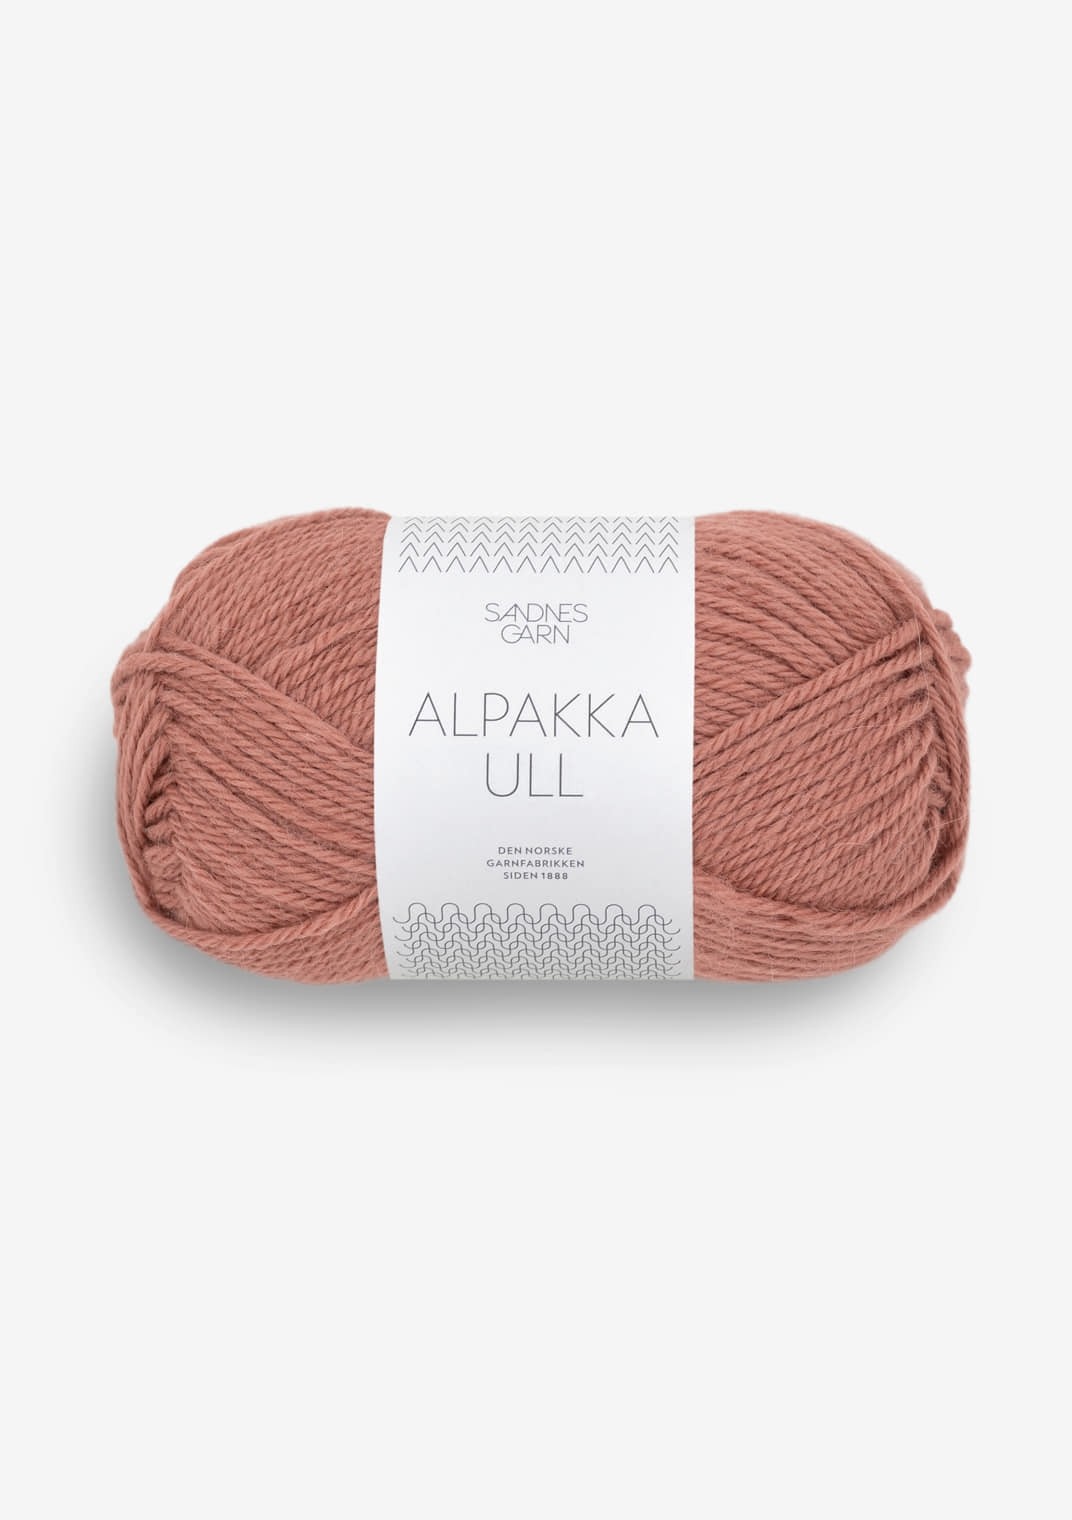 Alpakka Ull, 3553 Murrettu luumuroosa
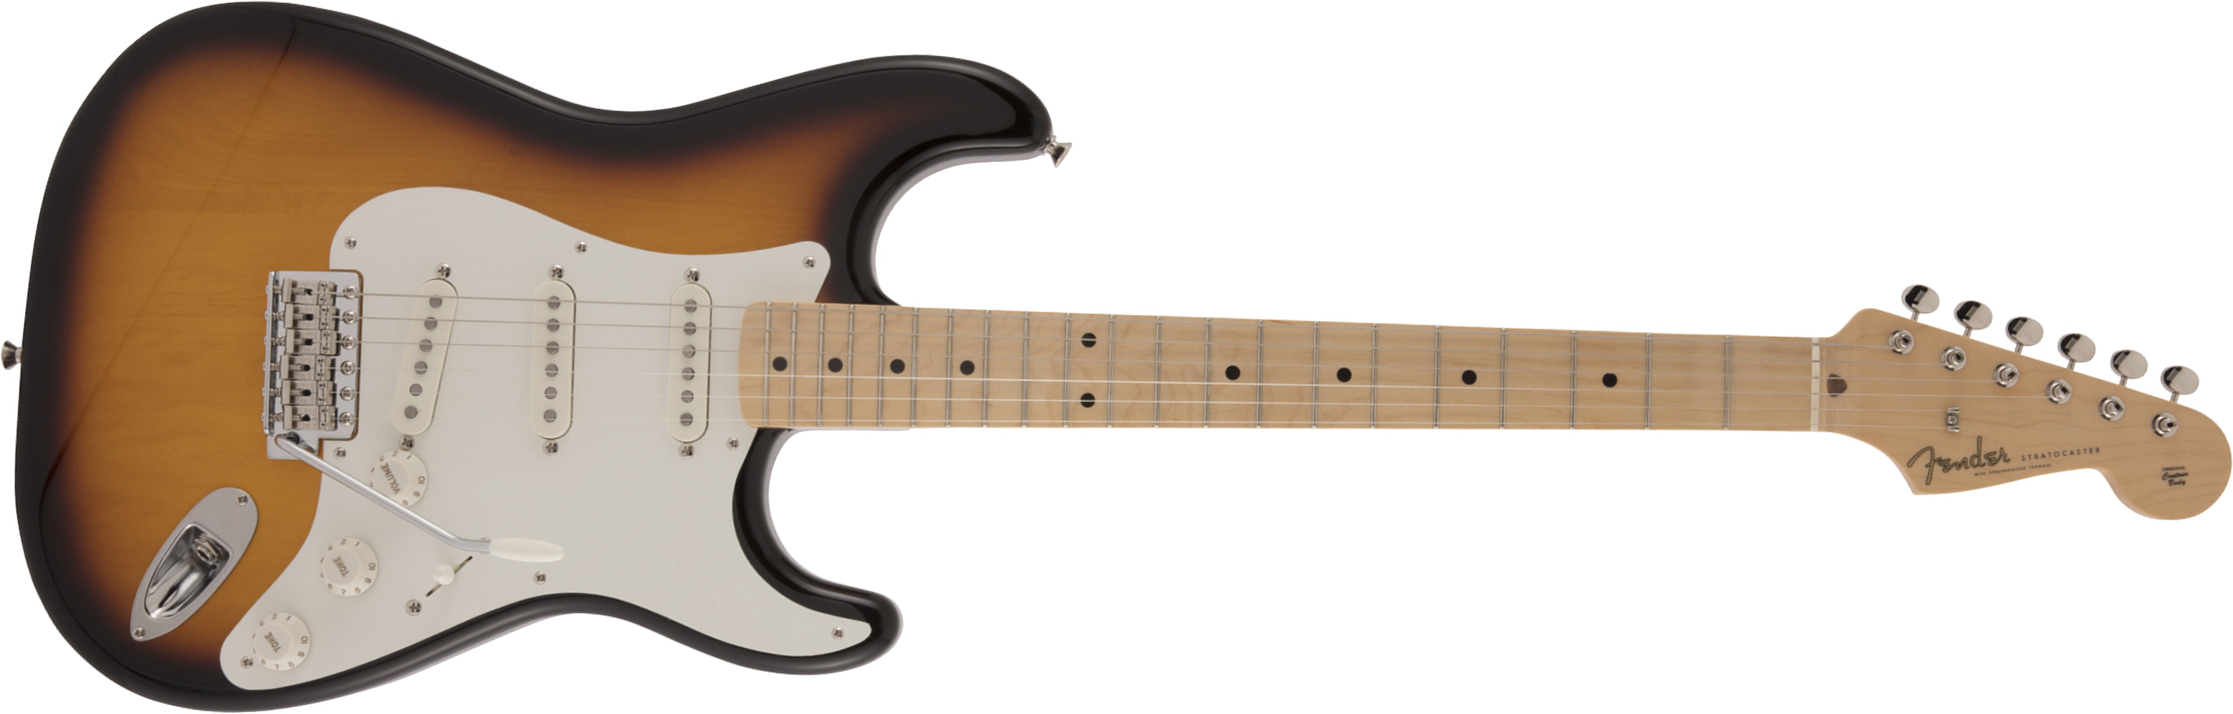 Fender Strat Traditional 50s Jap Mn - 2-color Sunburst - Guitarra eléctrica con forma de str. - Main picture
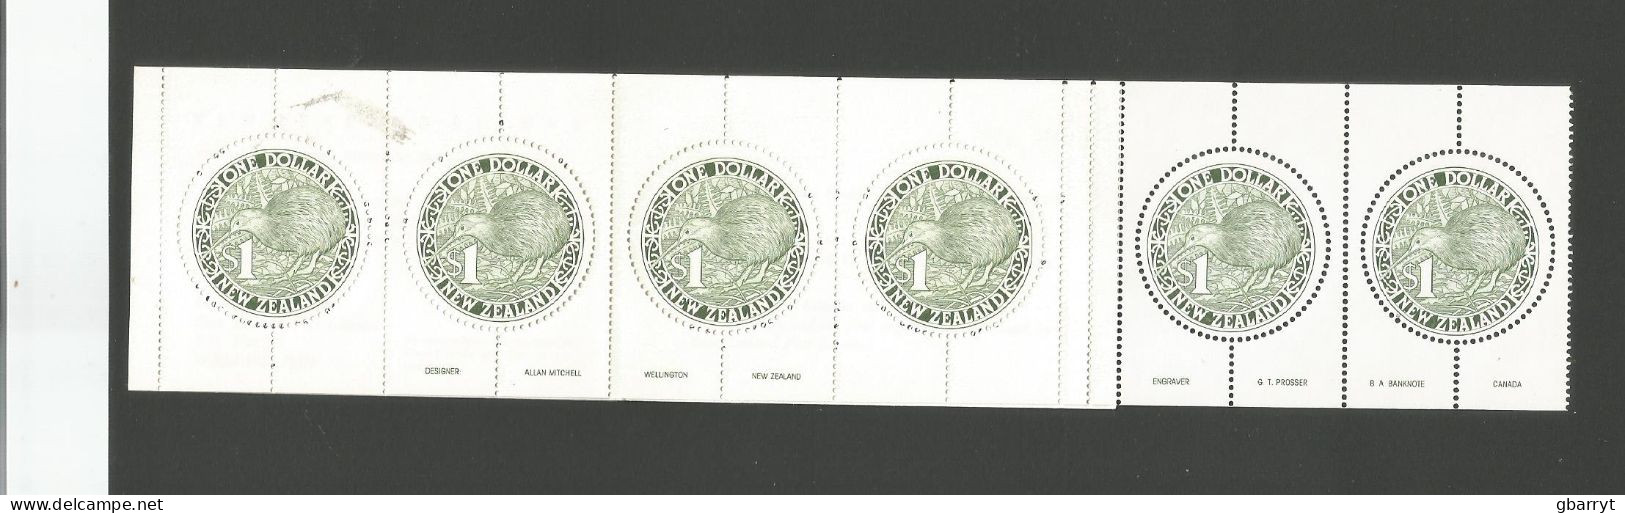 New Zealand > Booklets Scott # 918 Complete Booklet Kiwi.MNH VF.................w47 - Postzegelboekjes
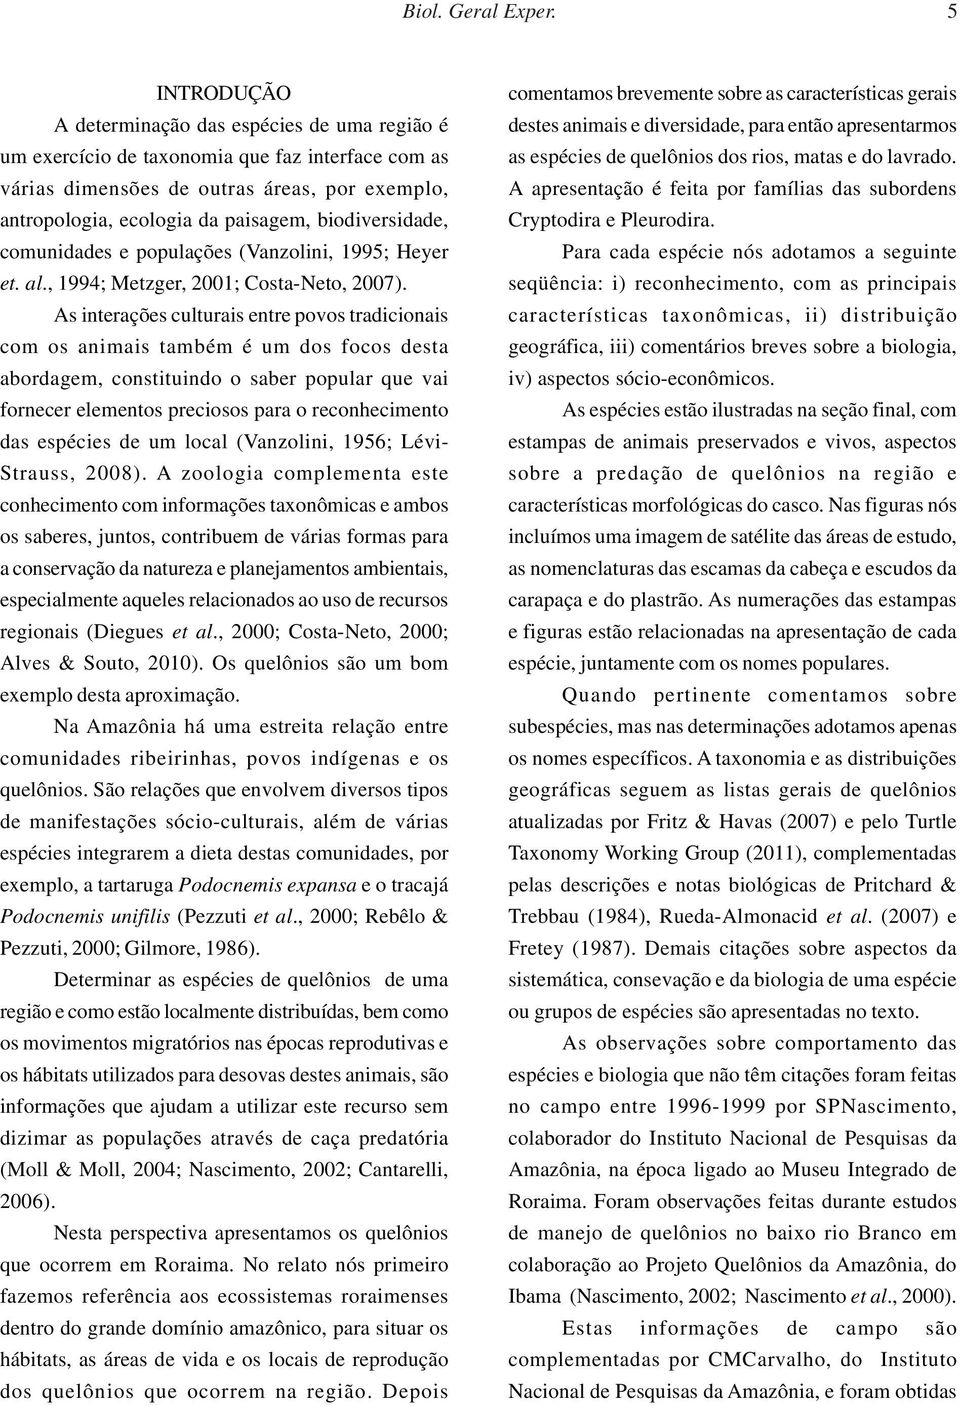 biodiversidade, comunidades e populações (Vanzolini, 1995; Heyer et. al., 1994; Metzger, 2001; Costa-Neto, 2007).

### TASK DESCRIPTION:
Could you repeat each line above exactly as written? Omit the pictures.

### TASK OUTPUT:
 Alpakka Ull, 3553 Murrettu luumuroosa
 Fender Strat Traditional 50s Jap Mn - 2-color Sunburst - Guitarra eléctrica con forma de str. - Main picture
 New Zealand > Booklets Scott # 918 Complete Booklet Kiwi.MNH VF.................w47 - Postzegelboekjes
 biodiversidade, comunidades e populações (Vanzolini, 1995; Heyer et. al., 1994; Metzger, 2001; Costa-Neto, 2007).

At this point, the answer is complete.